** TASK GOAL **
Reproduce the listing word for word, leaving every picture behind.

** GIVEN MATERIAL **
+-------+

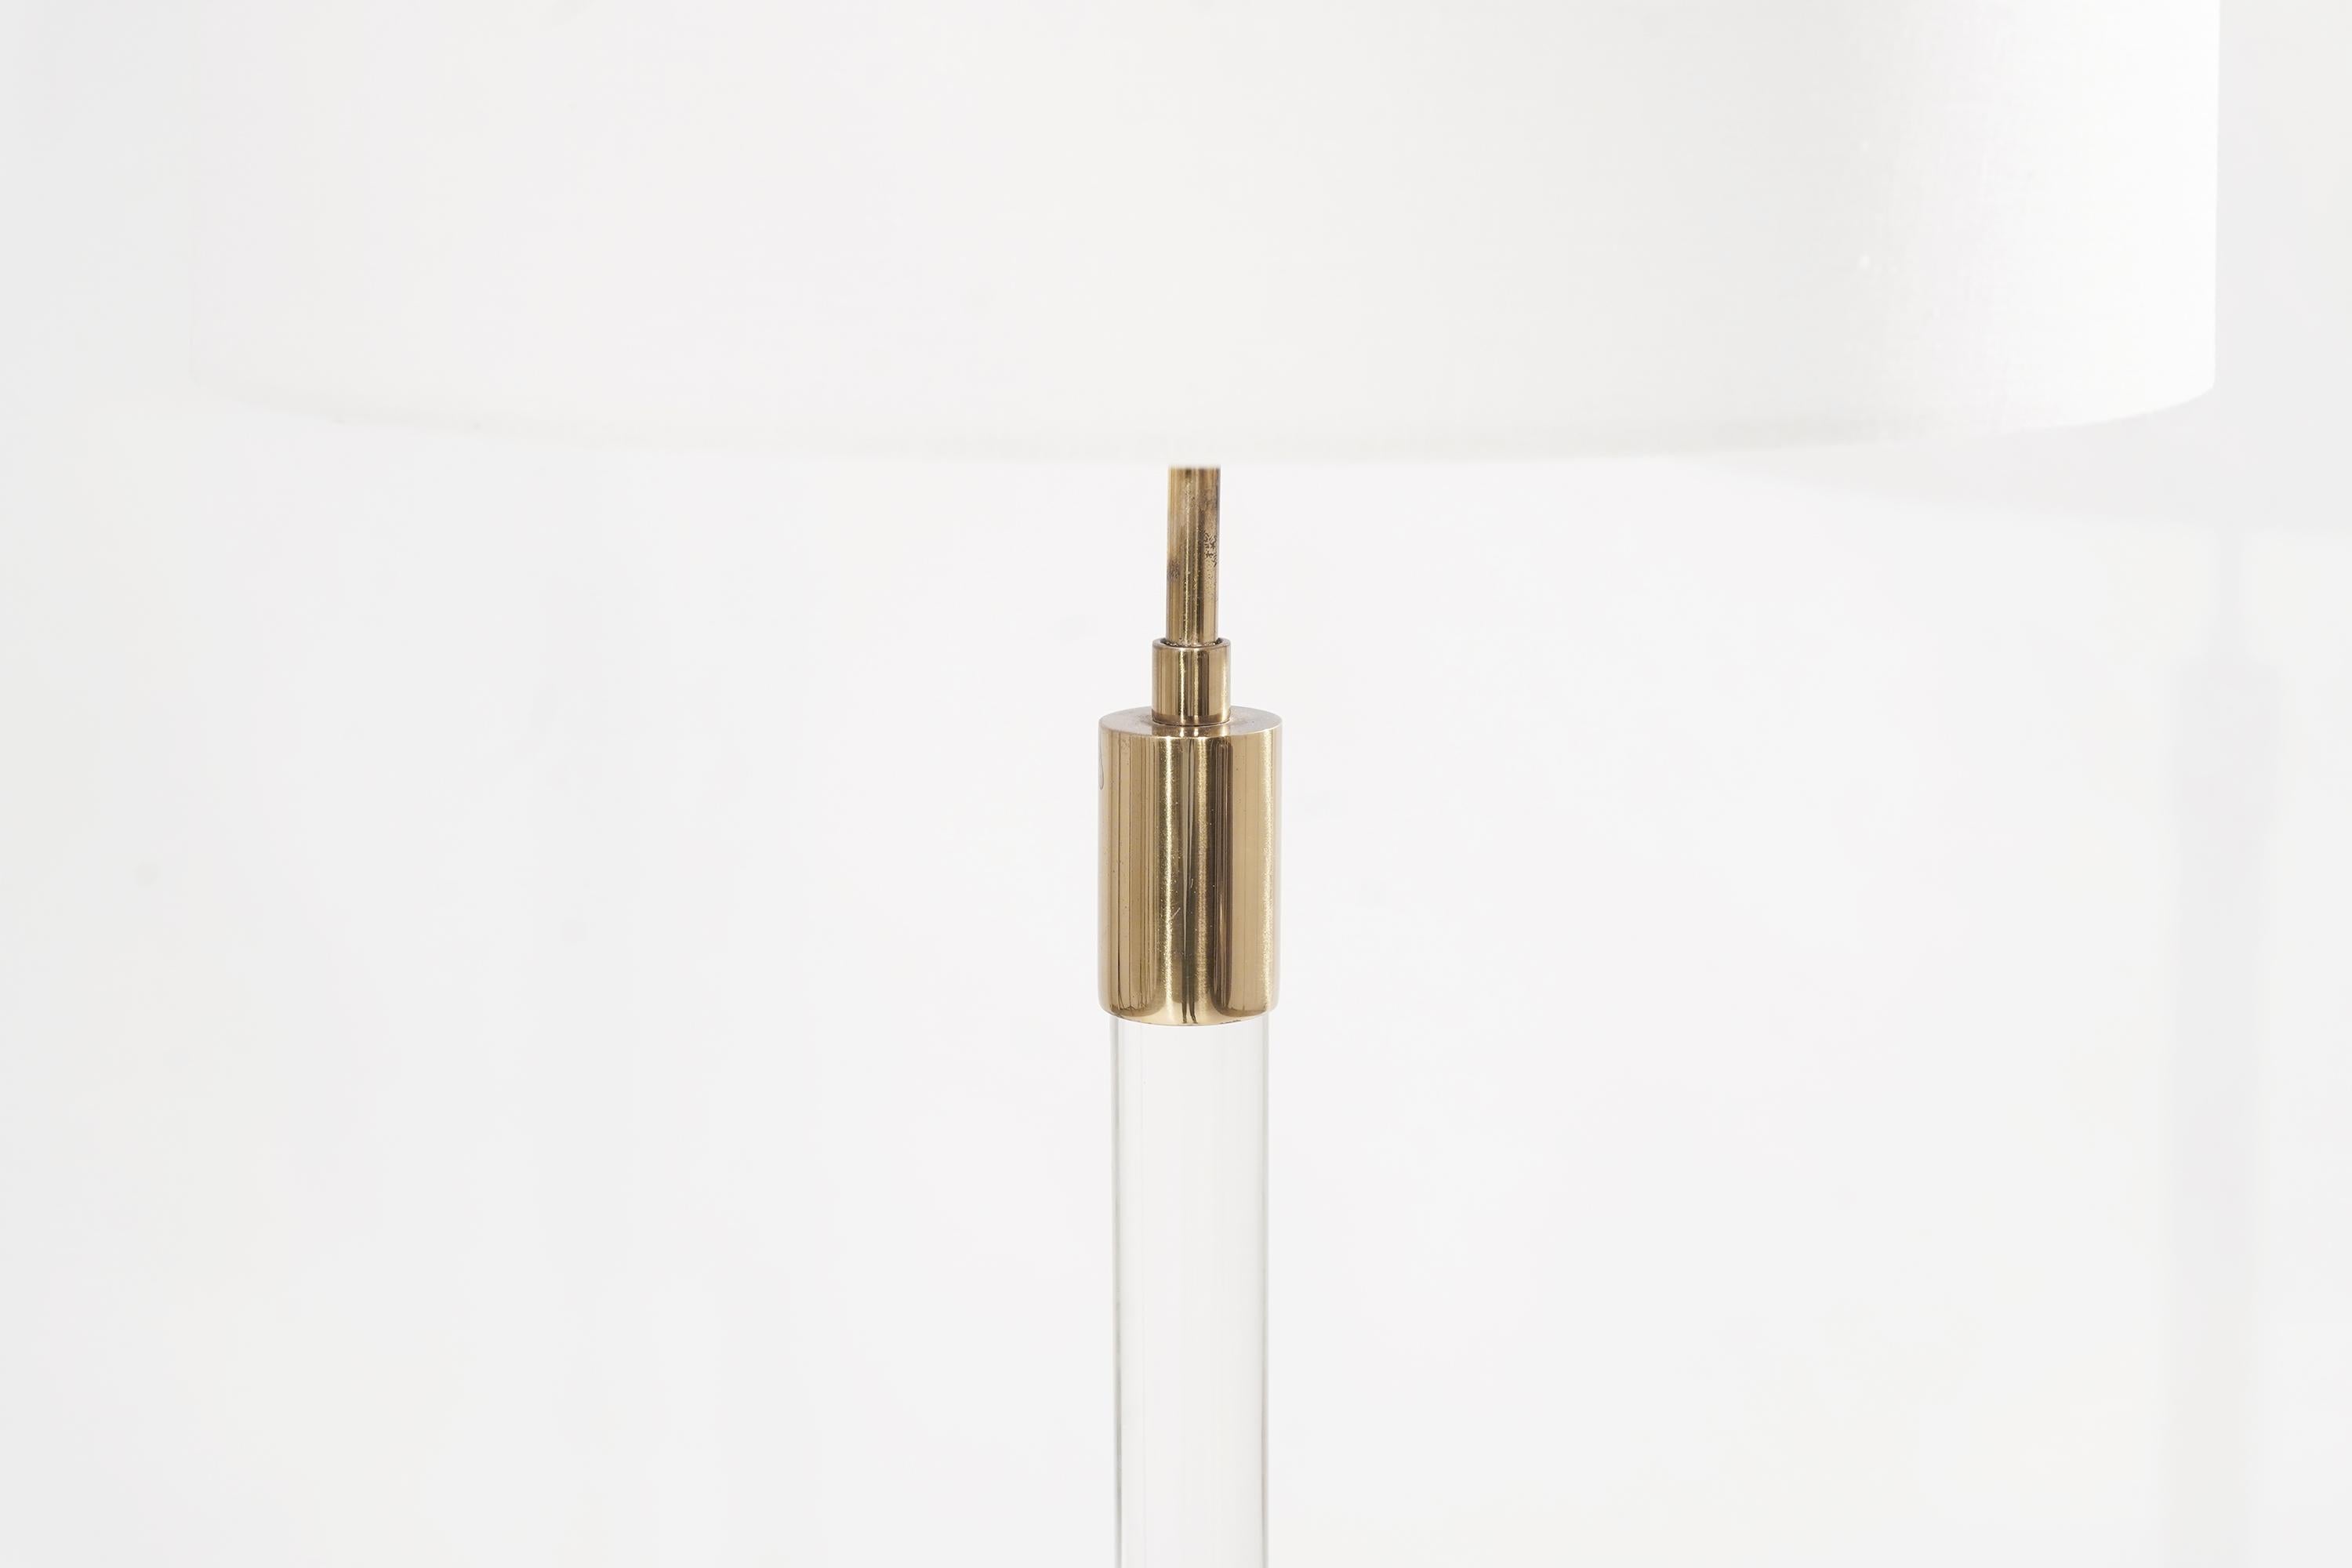 20th Century Glass Rod Floor Lamps by Hansen Lighting Co. New York, 1970s For Sale
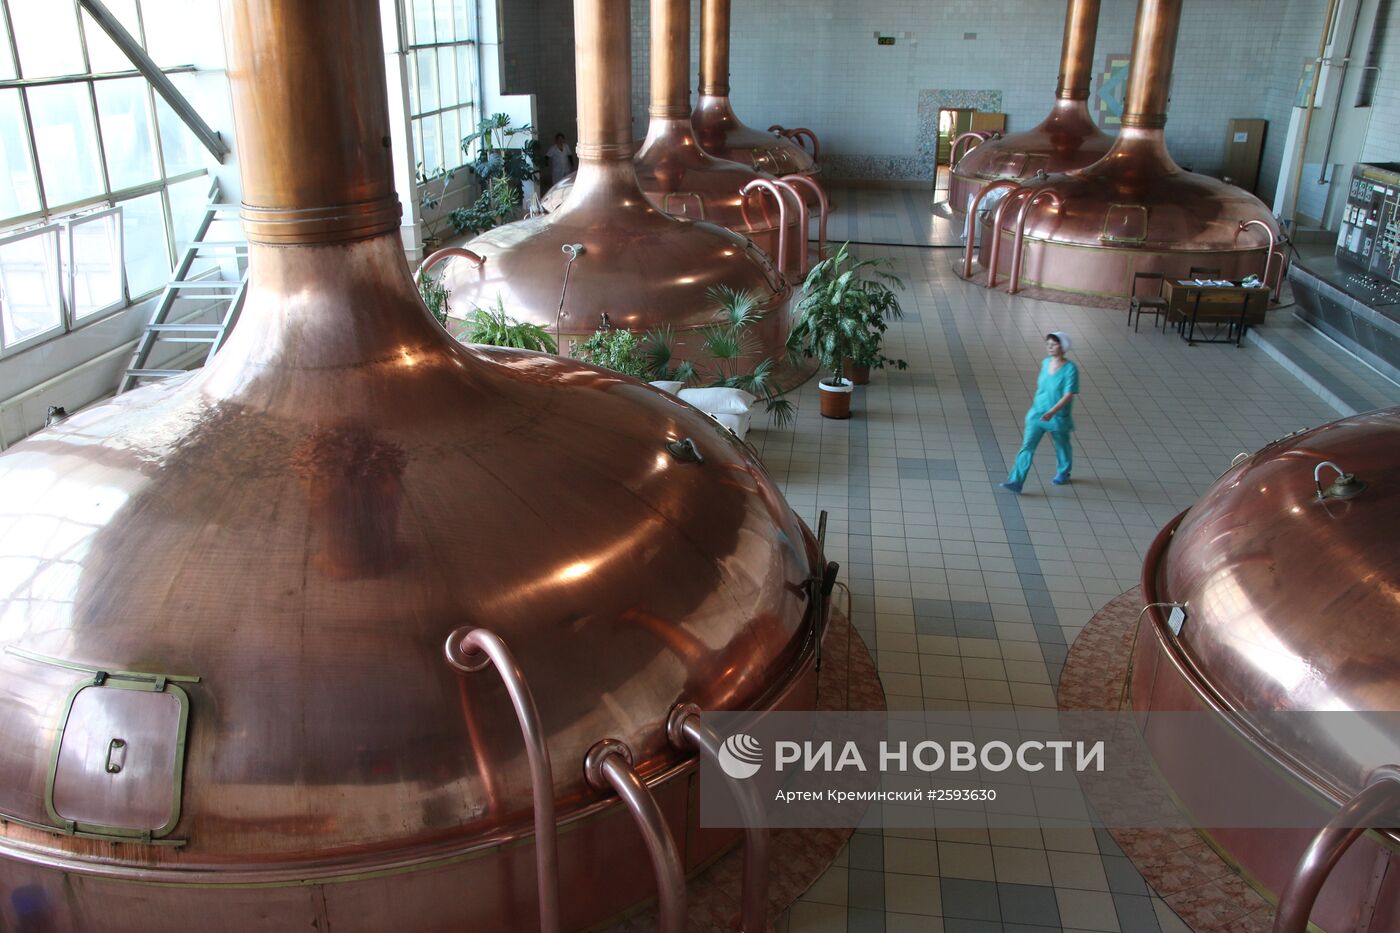 Производство пива на комбинате "Крым" в Симферополе
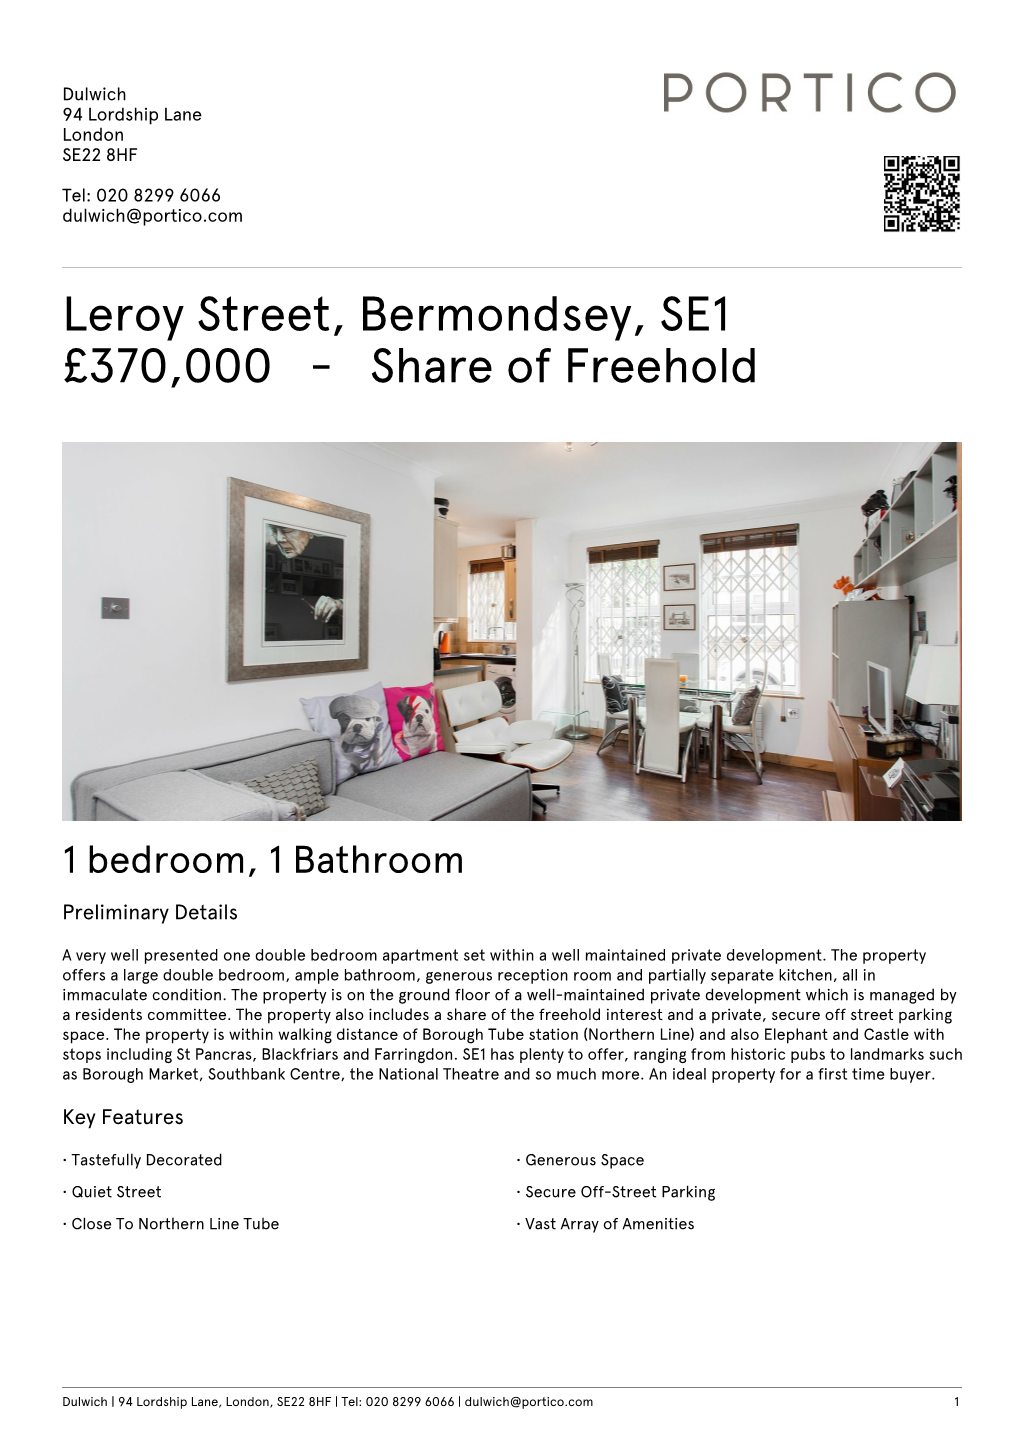 Leroy Street, Bermondsey, SE1 £370000

+-------+

** EXERCISE RESULT **
 20th Century Glass Rod Floor Lamps by Hansen Lighting Co. New York, 1970s For Sale
 Производство пива на комбинате "Крым" в Симферополе
 Leroy Street, Bermondsey, SE1 £370000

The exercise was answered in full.